I laughed. We settled down on various perches, stools, chairs and John’s bed.
Dan and Ed were so pleased to meet each other, and had so much to say to each other, that it felt a little impolite to intrude on them. At times they broke into some kind of arcane code language: “I jumped from nobody on the street, straight to TSSCI.” No, because, again, this isn’t DS at all, this is NSA. At CIA, it’s called COMO.” “...It’s kind of a similar role, but is it under support?” “PRISEC or PRIVAC?” “They start out with the TALENT KEYHOLE thing. Everyone then gets read into TS, SI, TK, and GAMMA—G clearance.... Nobody knows what it is....”
It took a while before I felt it was alright to interrupt them. Snowden’s disarming answer to my question about being photographed cradling the American flag was to roll his eyes and say: “Oh, man. I don’t know. Somebody handed me a flag, they took a picture.” And when I asked him why he signed up for the Iraq war, when millions of people all over the world were marching against it, he replied, equally disarmingly: “I fell for the propaganda.”
Dan talked at some length about how it would be unusual for US citizens who joined the Pentagon and the NSA to have read much literature on US exceptionalism and its history of warfare. (And once they joined, it was unlikely to be a subject that interested them.) He and Ed had watched it play out live, in real time, and were horrified enough to stake their lives and their freedom when they decided to be whistleblowers. What the two of them clearly had in common was a strong, almost corporeal sense of moral righteousness—of right and wrong. A sense of righteousness that was obviously at work not just when they decided to blow the whistle on what they thought to be morally unacceptable, but also when they signed up for their jobs—Dan to save his country from Communism, Ed to save it from Islamist terrorism. What they did when they grew disillusioned was so electrifying, so dramatic, that they have come to be identified by that single act of moral courage.
I asked Ed Snowden what he thought about Washington’s ability to destroy countries and its inability to win a war (despite mass surveillance). I think the question was phrased quite rudely—something like “When was the last time the United States won a war?” We spoke about whether the economic sanctions and subsequent invasion of Iraq could be accurately called genocide. We talked about how the CIA knew—and was preparing for the fact—that the world was heading to a place of not just inter-country war but of intra-country war in which mass surveillance would be necessary to control populations. And about how armies were being turned into police forces to administer countries they have invaded and occupied, while the police, even in places like India and Pakistan and Ferguson, Missouri, in the United States—were being trained to behave like armies to quell internal insurrections.

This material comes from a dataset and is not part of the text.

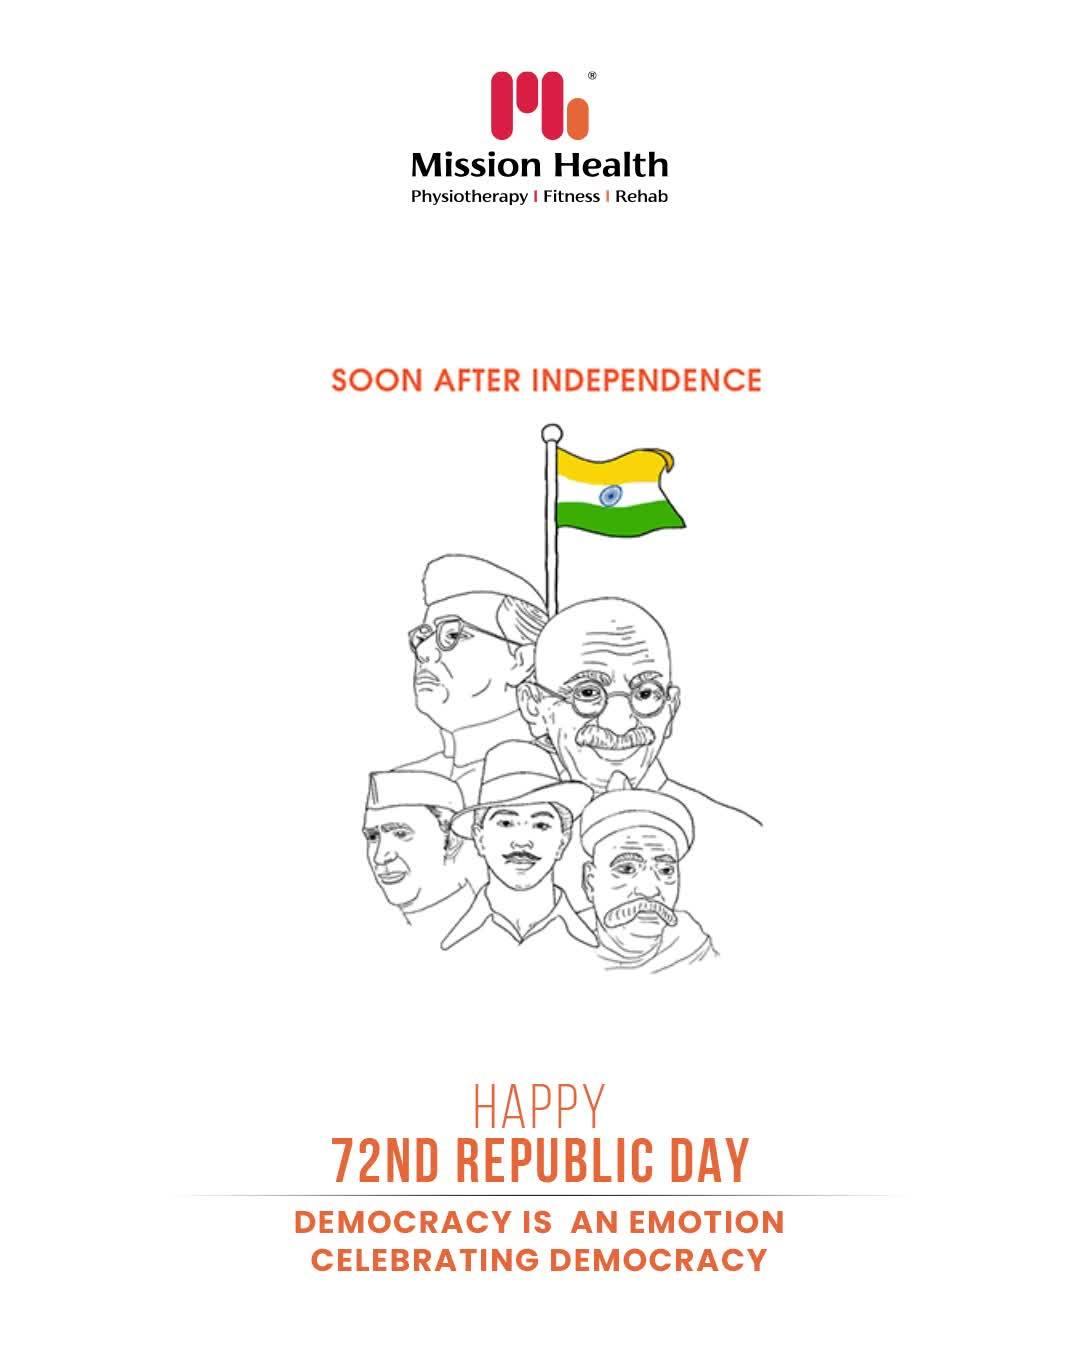 Happy Republic Day!  #HappyRepublicDay #RepublicDayIndia #RepublicDay2021 #India #JaiHind #MissionHealth #Fitness #PersonalTraining #FatToFit #Transform #GroupFitness #Slimming #MovementIsLife

We talked about war and greed, about terrorism and an accurate definition of it. We spoke about countries, flags and the meaning of patriotism.
Ed spoke at some length about “sleepwalking into a total surveillance state”. And here I quote him, because he’s said this often before: “If we do nothing, we sort of sleepwalk into a total surveillance state where we have both a super-state that has unlimited capacity to apply force with an unlimited ability to know (about the people it is targeting)—and that’s a very dangerous combination. That’s the dark future. The fact that they know everything about us and we know nothing about them—because they are secret, they are privileged, and they are a separate class...the elite class, the political class, the resource class—we don’t know where they live, we don’t know what they do, we don’t know who their friends are. They have the ability to know all that about us. This is the direction of the future, but I think there are changing possibilities in this....”
I asked Ed whether the NSA was just feigning annoyance at his revelations but might actually be secretly pleased at being known as the All Seeing, All Knowing Agency—because that would help to keep people fearful, off-balance, always looking over their shoulders and easy to manage.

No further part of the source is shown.